[Supplied material — start]
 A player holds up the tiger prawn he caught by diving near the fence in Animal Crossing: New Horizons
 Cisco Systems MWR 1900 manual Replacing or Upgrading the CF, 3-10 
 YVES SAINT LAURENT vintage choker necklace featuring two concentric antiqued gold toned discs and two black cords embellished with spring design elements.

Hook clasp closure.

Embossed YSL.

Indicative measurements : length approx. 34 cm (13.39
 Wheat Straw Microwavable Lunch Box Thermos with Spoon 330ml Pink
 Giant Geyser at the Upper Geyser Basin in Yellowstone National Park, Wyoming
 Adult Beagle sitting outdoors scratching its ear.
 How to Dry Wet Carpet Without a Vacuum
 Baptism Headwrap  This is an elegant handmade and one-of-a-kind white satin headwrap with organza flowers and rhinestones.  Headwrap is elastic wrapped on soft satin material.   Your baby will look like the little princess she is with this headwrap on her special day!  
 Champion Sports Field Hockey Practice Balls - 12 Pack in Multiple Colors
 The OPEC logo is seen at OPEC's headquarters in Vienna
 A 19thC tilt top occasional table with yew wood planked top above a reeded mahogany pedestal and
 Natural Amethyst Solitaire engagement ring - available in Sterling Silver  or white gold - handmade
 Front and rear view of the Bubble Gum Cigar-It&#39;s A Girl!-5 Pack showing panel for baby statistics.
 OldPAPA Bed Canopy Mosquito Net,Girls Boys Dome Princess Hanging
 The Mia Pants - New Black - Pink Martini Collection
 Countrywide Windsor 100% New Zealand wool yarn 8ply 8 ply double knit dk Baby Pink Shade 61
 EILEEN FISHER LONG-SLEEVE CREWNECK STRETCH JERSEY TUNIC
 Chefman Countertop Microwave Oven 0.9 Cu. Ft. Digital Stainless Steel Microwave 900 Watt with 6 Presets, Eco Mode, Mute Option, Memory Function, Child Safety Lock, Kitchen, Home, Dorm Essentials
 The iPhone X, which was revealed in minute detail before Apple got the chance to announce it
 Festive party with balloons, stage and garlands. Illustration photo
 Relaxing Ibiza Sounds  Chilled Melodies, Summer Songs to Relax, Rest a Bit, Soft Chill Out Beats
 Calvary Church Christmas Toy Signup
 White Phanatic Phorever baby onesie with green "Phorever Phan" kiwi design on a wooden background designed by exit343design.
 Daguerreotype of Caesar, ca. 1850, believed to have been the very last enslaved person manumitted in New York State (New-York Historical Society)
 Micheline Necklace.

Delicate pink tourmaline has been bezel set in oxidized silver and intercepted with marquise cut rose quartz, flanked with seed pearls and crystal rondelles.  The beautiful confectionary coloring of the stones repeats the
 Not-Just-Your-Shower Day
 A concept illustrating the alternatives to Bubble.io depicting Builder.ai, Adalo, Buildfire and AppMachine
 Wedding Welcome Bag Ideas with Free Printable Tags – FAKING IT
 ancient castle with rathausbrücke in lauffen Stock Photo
[Supplied material — finish]
* [Action item]: The answer must be the complete listing, repeated exactly.

* [Written answer]:
 A player holds up the tiger prawn he caught by diving near the fence in Animal Crossing: New Horizons
 Cisco Systems MWR 1900 manual Replacing or Upgrading the CF, 3-10 
 YVES SAINT LAURENT vintage choker necklace featuring two concentric antiqued gold toned discs and two black cords embellished with spring design elements.

Hook clasp closure.

Embossed YSL.

Indicative measurements : length approx. 34 cm (13.39
 Wheat Straw Microwavable Lunch Box Thermos with Spoon 330ml Pink
 Giant Geyser at the Upper Geyser Basin in Yellowstone National Park, Wyoming
 Adult Beagle sitting outdoors scratching its ear.
 How to Dry Wet Carpet Without a Vacuum
 Baptism Headwrap  This is an elegant handmade and one-of-a-kind white satin headwrap with organza flowers and rhinestones.  Headwrap is elastic wrapped on soft satin material.   Your baby will look like the little princess she is with this headwrap on her special day!  
 Champion Sports Field Hockey Practice Balls - 12 Pack in Multiple Colors
 The OPEC logo is seen at OPEC's headquarters in Vienna
 A 19thC tilt top occasional table with yew wood planked top above a reeded mahogany pedestal and
 Natural Amethyst Solitaire engagement ring - available in Sterling Silver  or white gold - handmade
 Front and rear view of the Bubble Gum Cigar-It&#39;s A Girl!-5 Pack showing panel for baby statistics.
 OldPAPA Bed Canopy Mosquito Net,Girls Boys Dome Princess Hanging
 The Mia Pants - New Black - Pink Martini Collection
 Countrywide Windsor 100% New Zealand wool yarn 8ply 8 ply double knit dk Baby Pink Shade 61
 EILEEN FISHER LONG-SLEEVE CREWNECK STRETCH JERSEY TUNIC
 Chefman Countertop Microwave Oven 0.9 Cu. Ft. Digital Stainless Steel Microwave 900 Watt with 6 Presets, Eco Mode, Mute Option, Memory Function, Child Safety Lock, Kitchen, Home, Dorm Essentials
 The iPhone X, which was revealed in minute detail before Apple got the chance to announce it
 Festive party with balloons, stage and garlands. Illustration photo
 Relaxing Ibiza Sounds  Chilled Melodies, Summer Songs to Relax, Rest a Bit, Soft Chill Out Beats
 Calvary Church Christmas Toy Signup
 White Phanatic Phorever baby onesie with green "Phorever Phan" kiwi design on a wooden background designed by exit343design.
 Daguerreotype of Caesar, ca. 1850, believed to have been the very last enslaved person manumitted in New York State (New-York Historical Society)
 Micheline Necklace.

Delicate pink tourmaline has been bezel set in oxidized silver and intercepted with marquise cut rose quartz, flanked with seed pearls and crystal rondelles.  The beautiful confectionary coloring of the stones repeats the
 Not-Just-Your-Shower Day
 A concept illustrating the alternatives to Bubble.io depicting Builder.ai, Adalo, Buildfire and AppMachine
 Wedding Welcome Bag Ideas with Free Printable Tags – FAKING IT
 ancient castle with rathausbrücke in lauffen Stock Photo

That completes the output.